Я подняла голову от его груди и посмотрела ему в глаза.
– Герман, ты знаешь, сколько мне лет?
– Я думаю, 17-ть, – неуверенно ответил он.
– Нет, Герман. Мне совсем не 17-ть, и даже не 16-ть. Мне 14-ть, и завтра, после допроса следователя, меня определят в приемник – распределитель, а после сдадут в интернат, – из моих глаз безудержно текли слезы, я закрыла лицо ладонями, не в силах больше сдерживать плачь.
Герман обнял меня.
– Настенька, не плачь, милая, все будет хорошо.
Я крепко прижалась к нему, продолжая плакать.
Герман задумался. Конечно, он не перестал любить Настю, ее возраст не пугал и не отталкивал его, он готов был ждать ее сколько угодно, лишь бы однажды назвать ее своей, но ситуация стала сложнее.
– Настенька, – нежно сказал он. – Я ни кому не отдам тебя, слышишь, никому. Я очень люблю тебя. Я буду ждать, маленькая моя, я ни кому не отдам тебя.
До рассвета оставалось пару часов, а днем предстояло много дел. Герман расстелил мне постель, сам остался сидеть в кресле. Я не могла спать. Уткнувшись носом в подушку, я продолжала плакать. Герман лег рядом со мной.

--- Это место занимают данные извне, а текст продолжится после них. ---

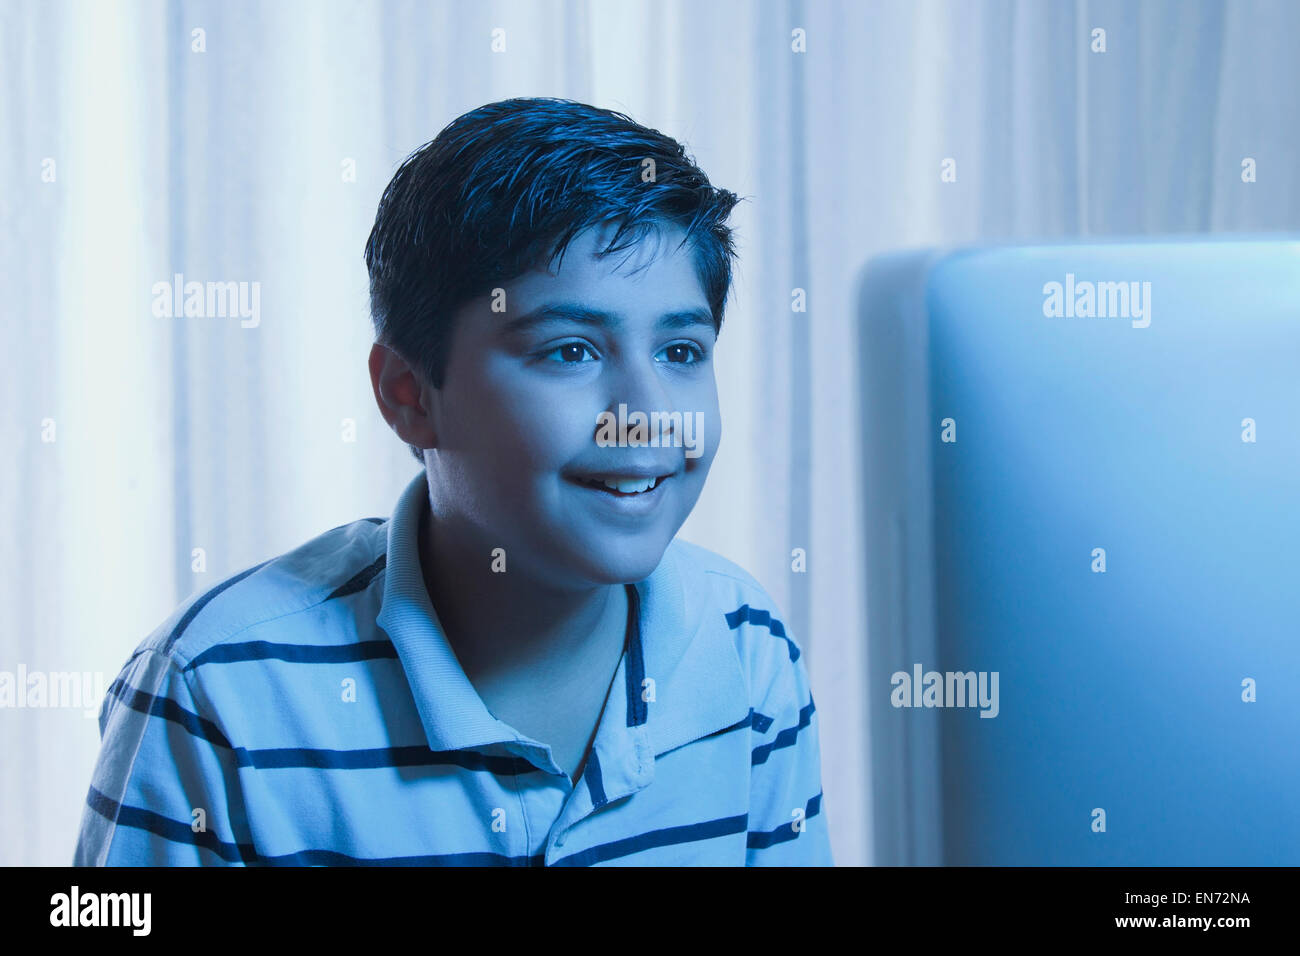 Jeune garçon à la recherche à l'écran d'un ordinateur Banque D'Images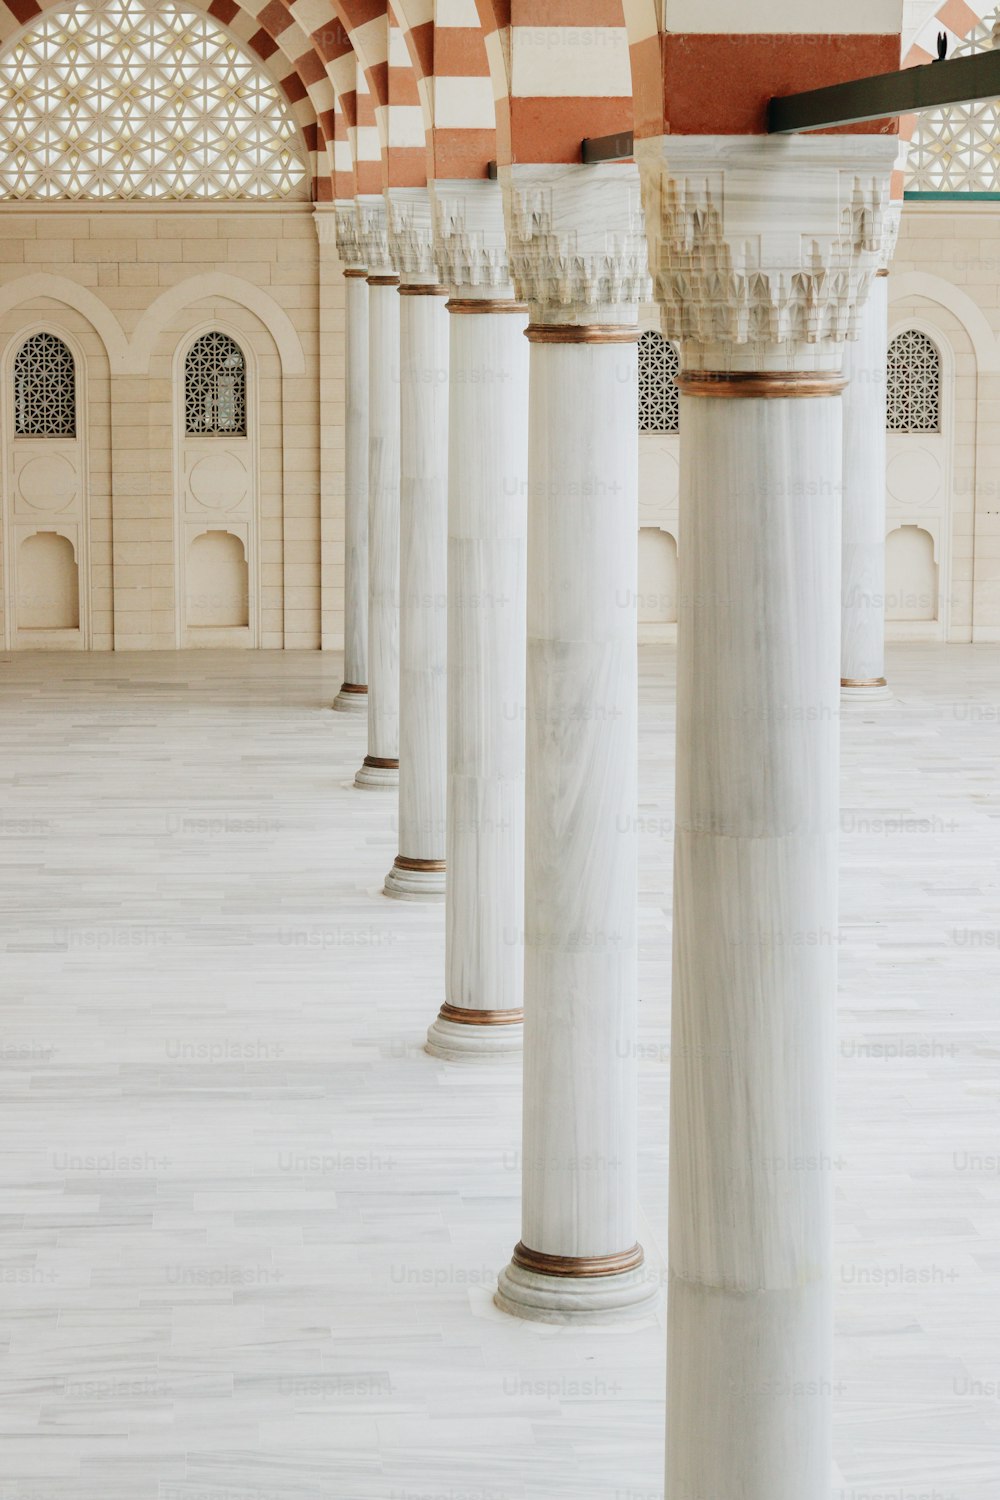 Una hilera de pilares de mármol blanco en un edificio

– Настенька, иди ко мне, – он повернул меня к себе лицом, я уткнулась носом ему в грудь, он крепко обнял меня и поцеловал в щеку. – Настенька, маленькая моя все будет хорошо, – тихо шептал он.
Я так и уснула, крепко прижавшись к нему.
В восемь утра нас разбудил звонок следователя, номер телефона вчера оперативнику оставил Герман. Следователь требовал, чтобы я явилась в отделение.
– Началось, – пробормотала я, вставая с постели.
Умылась, привела себя в порядок и поняла, что у меня образовалась проблема.
– Гера, мне бы как-нибудь домой попасть, – сказала я.
– Но дом опечатан, туда пока нельзя, – ответил он.
– Но у меня, кроме паспорта, ничего нет, мне даже переодеться не во что.
– Съездим к следователю, потом решим этот вопрос, – успокоил меня Герман.
Пока мы ехали в отделение, Герман разговаривал по телефону.
– Алло. Папа, привет.
– Привет, Герман, ты где?
– Папа, мне необходимо задержаться в Ивановске дня на три.
– Что случилось? Ты снова взялся за старое?
– Нет, папа. Дело очень серьезное, это не телефонный разговор. Я приеду и все объясню.
– Хорошо, пока.
– Пока, папа.
В кабинете следователя, помимо него самого, сидел оперативник и две женщины в гражданском, как выяснилось позже, представительницы опекунского совета. Следователь все-таки установил, что допрашивать меня еще нельзя и сегодня пригласили представительниц. Спрашивал он тоже, что и вчера оперативник. Я повторила все, что видела и знала. Потом он разложил передо мной десяток фотографий, на которых я опознала всех четверых, что были вчера. В милиции знали кто они, но никак не могли их «взять». Следователь закончил допрос, ко мне обратилась одна из представительниц.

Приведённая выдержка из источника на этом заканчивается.